Or did we come up out of the pit to eat, and are thus in the city during these events?


----------



## Sparky (Dec 21, 2008)

Neither really...

Lunch hasn't been lowered down yet. You were to eat it down on the plinth in the cavern, because after the harvest (skill challenge), you were going to do some planting.

The cavern itself is below the city proper, a big bell of space that connects to the city above by a round hole in the top of the cavern. The sunstone just fell through that hole and shattered on the cavern floor.


----------



## Shayuri (Dec 22, 2008)

Ahh! Okay, I see now. So the hole that leads to the cavern is under the sunstone out in the city. Something happened causing that light source to fall directly through the hole in the city "floor" into the cavern with us.

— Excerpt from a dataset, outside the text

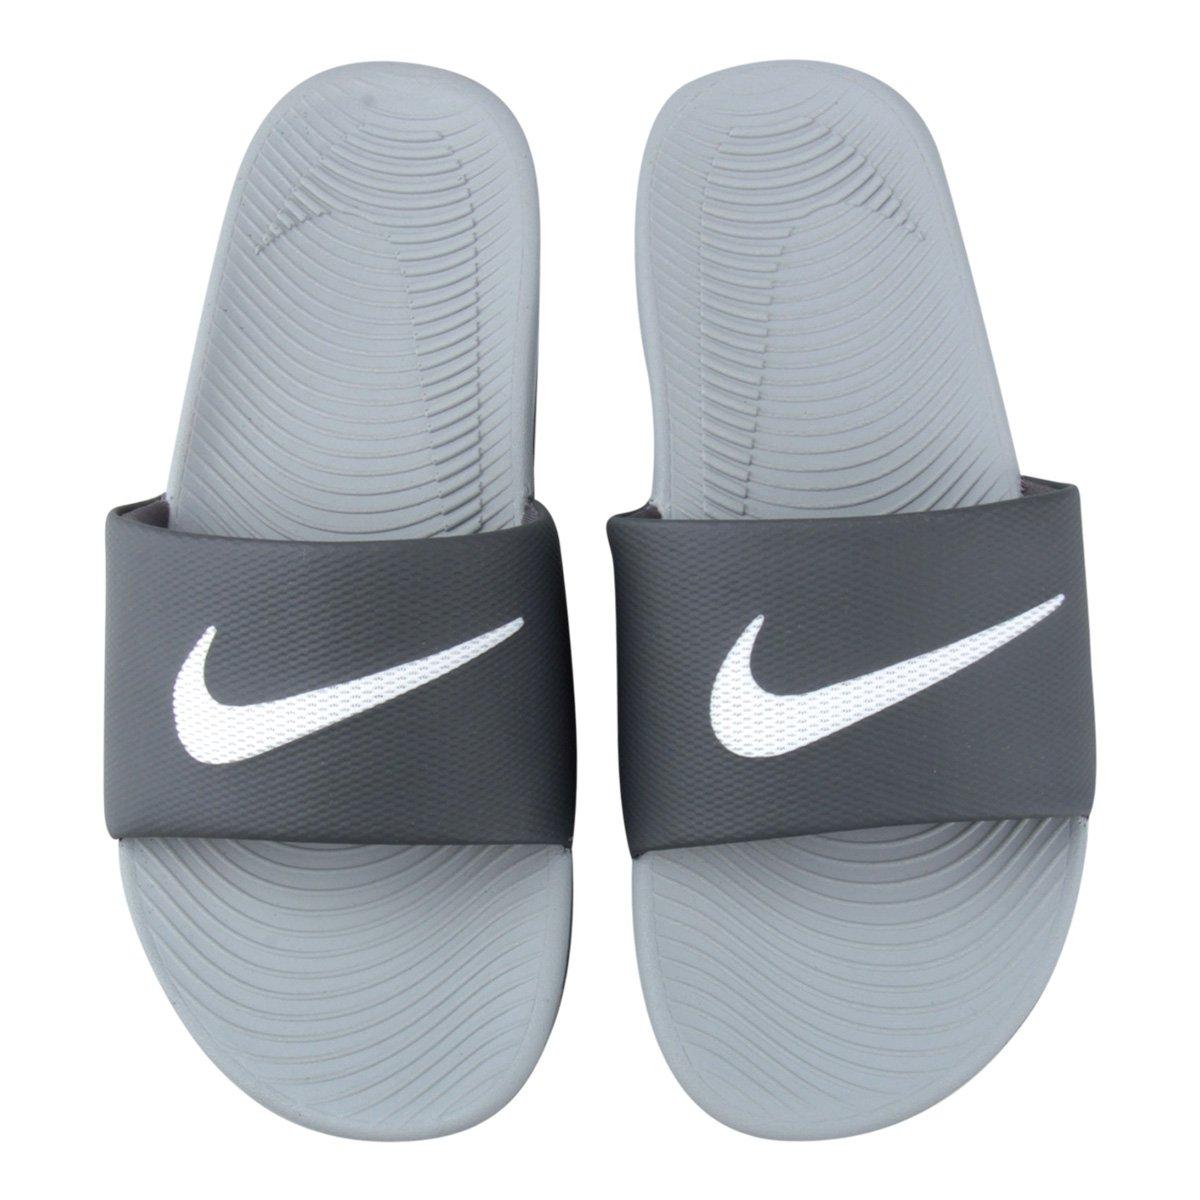 dfa0a9a1f8 Sandália Nike Kawa Slide Masculina - Branco e Cinza - Compre Agora ...
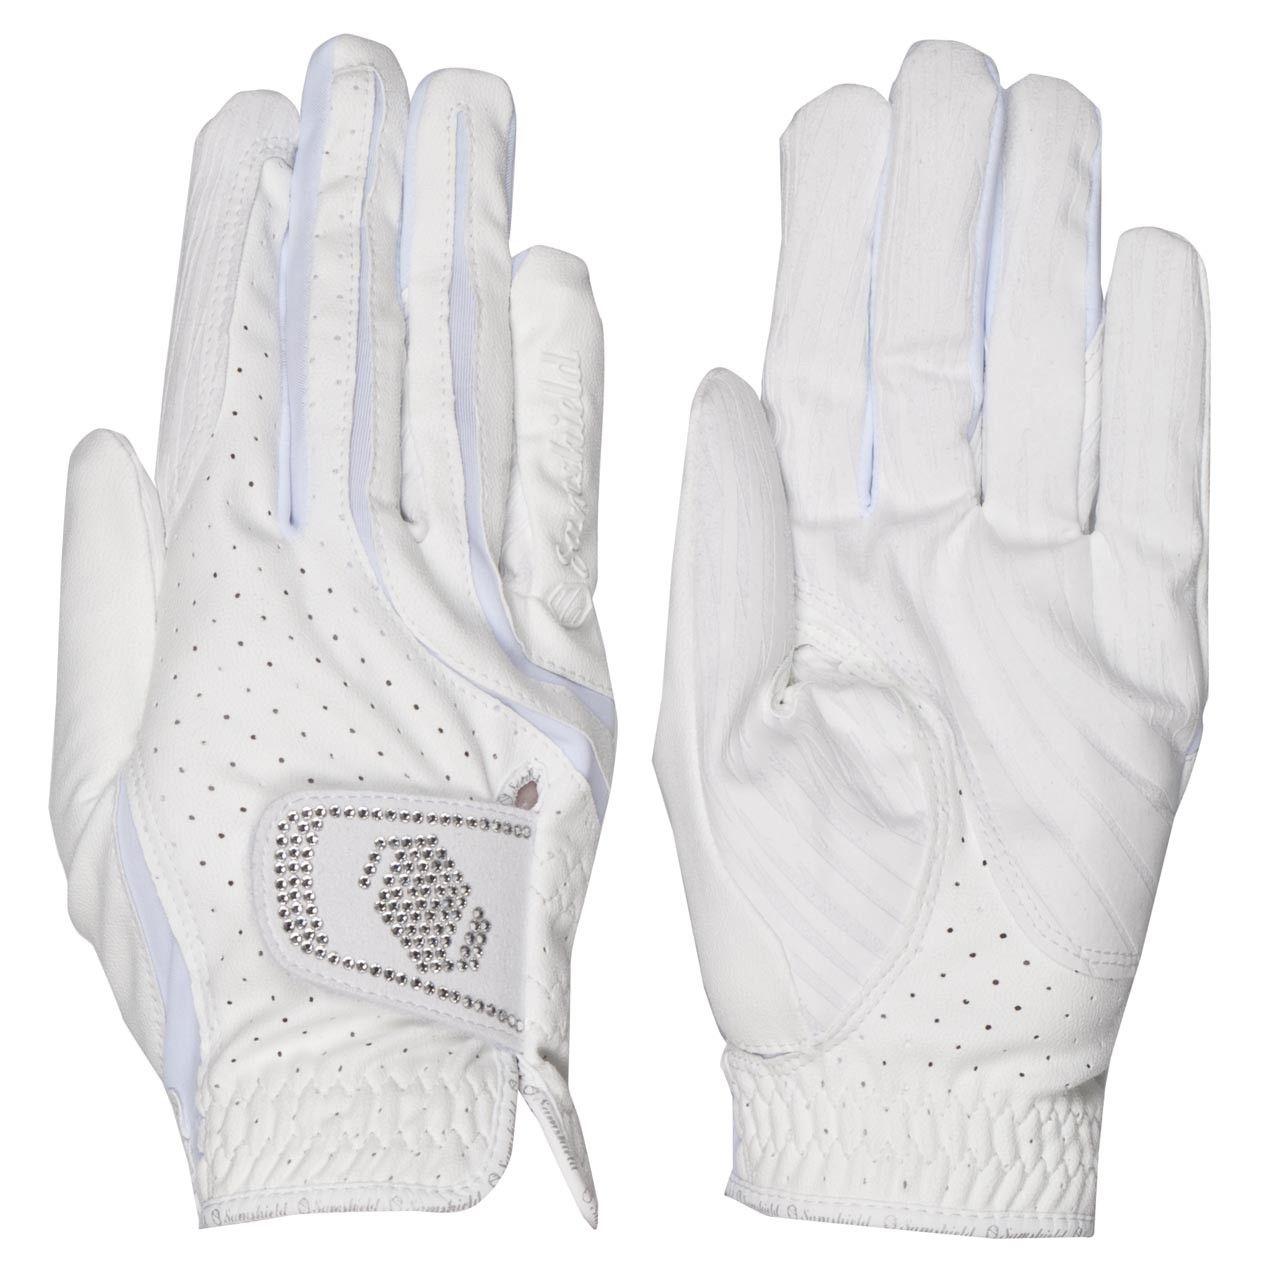 Samshield handschoenen Swarovski wit maat:6

I'm guessing that the cavern hole, the exit to the city, is fairly far over our heads and that there's no easy way to get up there to see what's happening, yar?


----------



## Sparky (Dec 27, 2008)

Yes, you've got it. 

The baskets are the only apparent way up. There are no others that you have noticed.

----

I'm glad of the gift of time and creativity freely (or dearly!) given by my friends and fellow gamers here at EN World! 

Happy Holidays!


----------



## Sparky (Dec 27, 2008)

Also, I want everyone to have a chance to respond to the latest development before moving along. I expect it will be a bit before everyone gets a chance to respond, so here's a chance for extra XP for everyone:

A Toranthar Holiday:
1. Name (name the holiday)
2. History (brief history of the holiday)
- How it has changed
- How is has remained the same
3. Observance (who, what, when, where, why)

----

Each write up will earn a bonus 50 XP for _every PC_ in the game.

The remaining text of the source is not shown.